▸ TASK INSTRUCTIONS
Line for line, return the data exactly, omitting all pictures.

▸ DATA
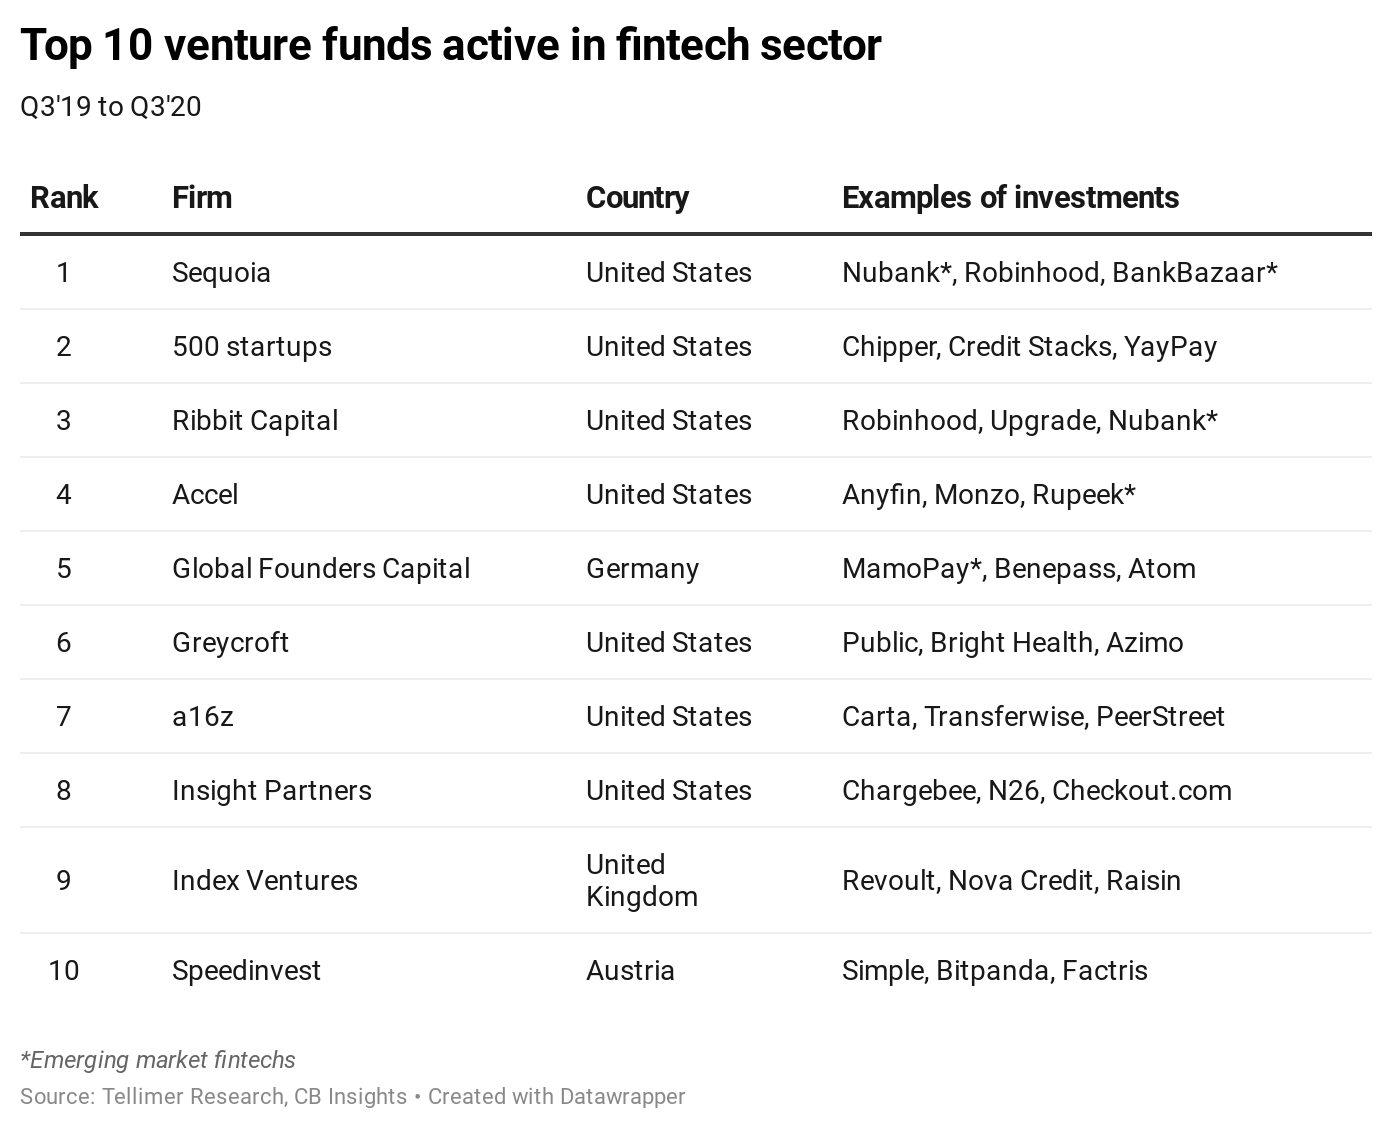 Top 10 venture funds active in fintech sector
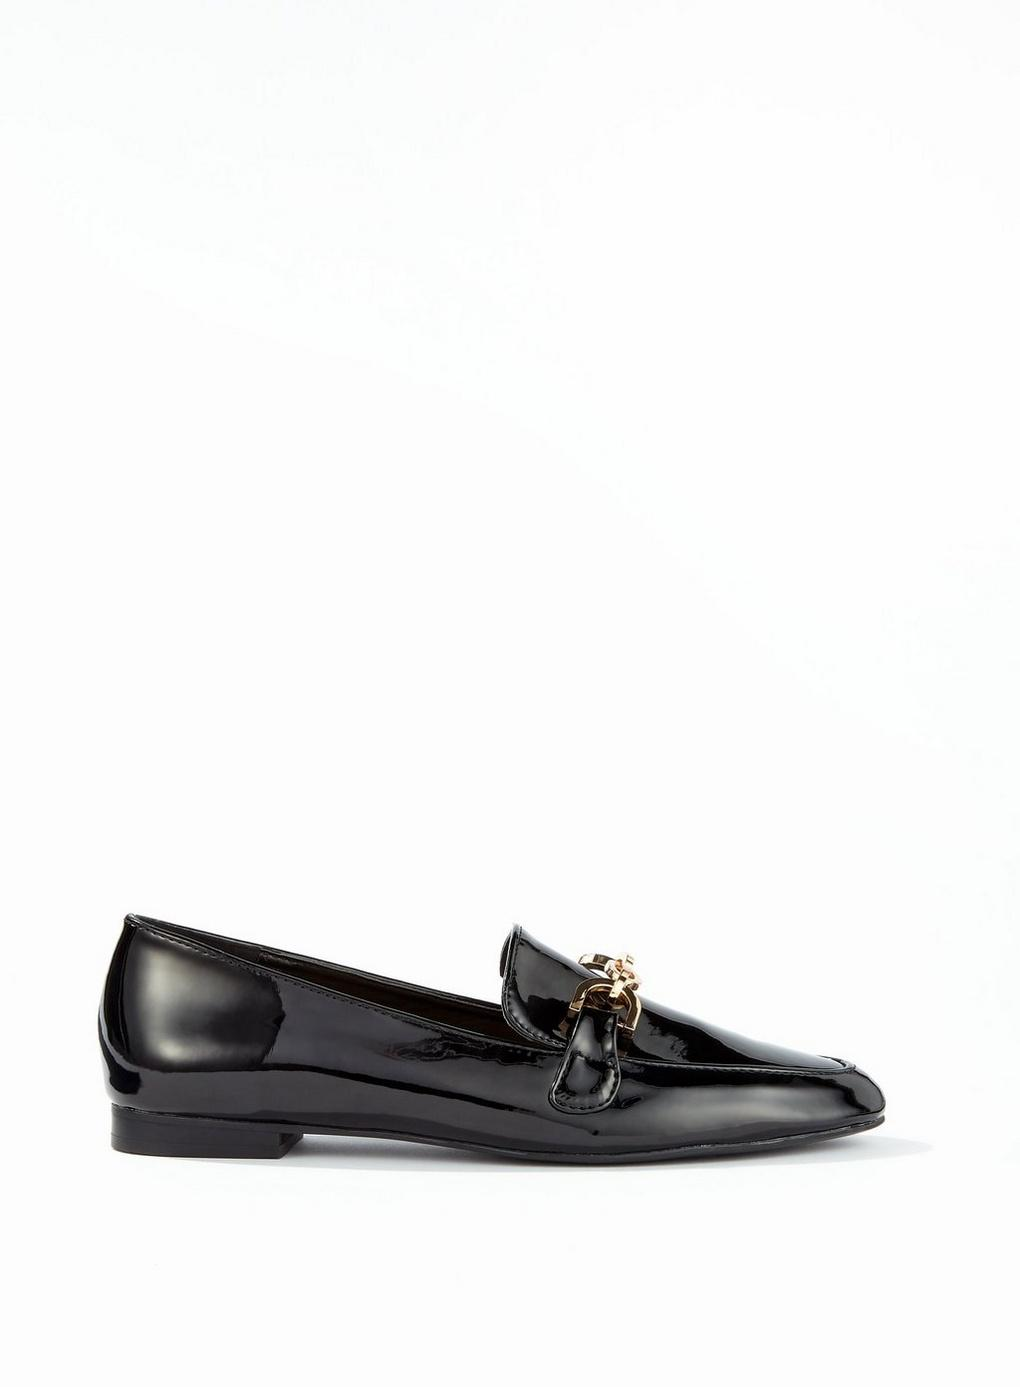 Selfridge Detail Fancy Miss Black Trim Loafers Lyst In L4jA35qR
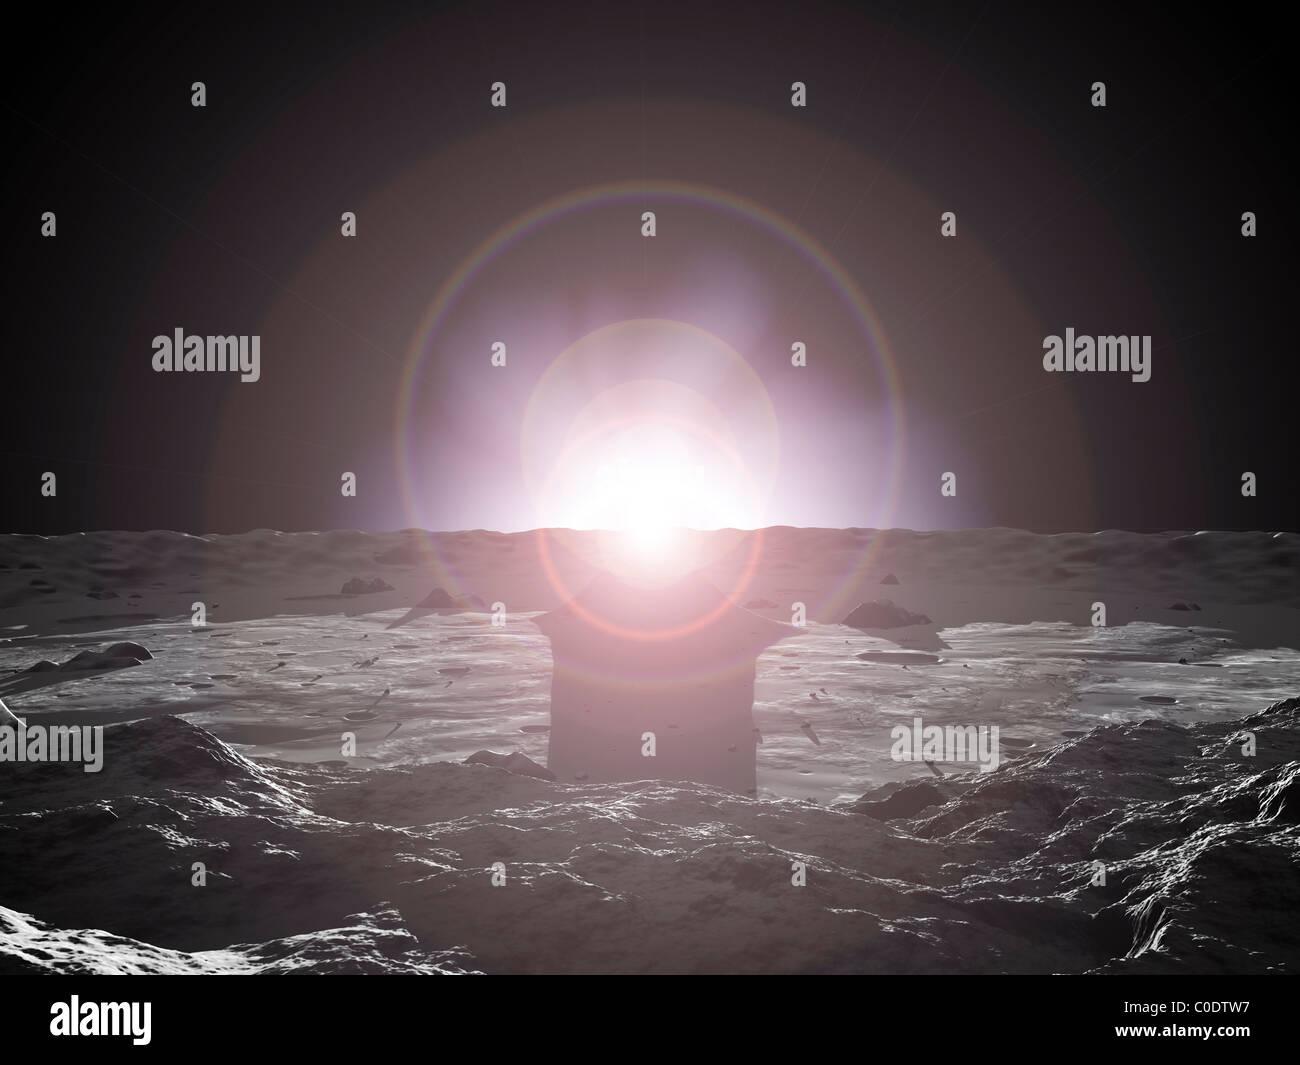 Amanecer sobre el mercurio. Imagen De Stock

▸ ANSWER SPACE
 Top 10 venture funds active in fintech sector
 Selfridge Detail Fancy Miss Black Trim Loafers Lyst In L4jA35qR
 Amanecer sobre el mercurio. Imagen De Stock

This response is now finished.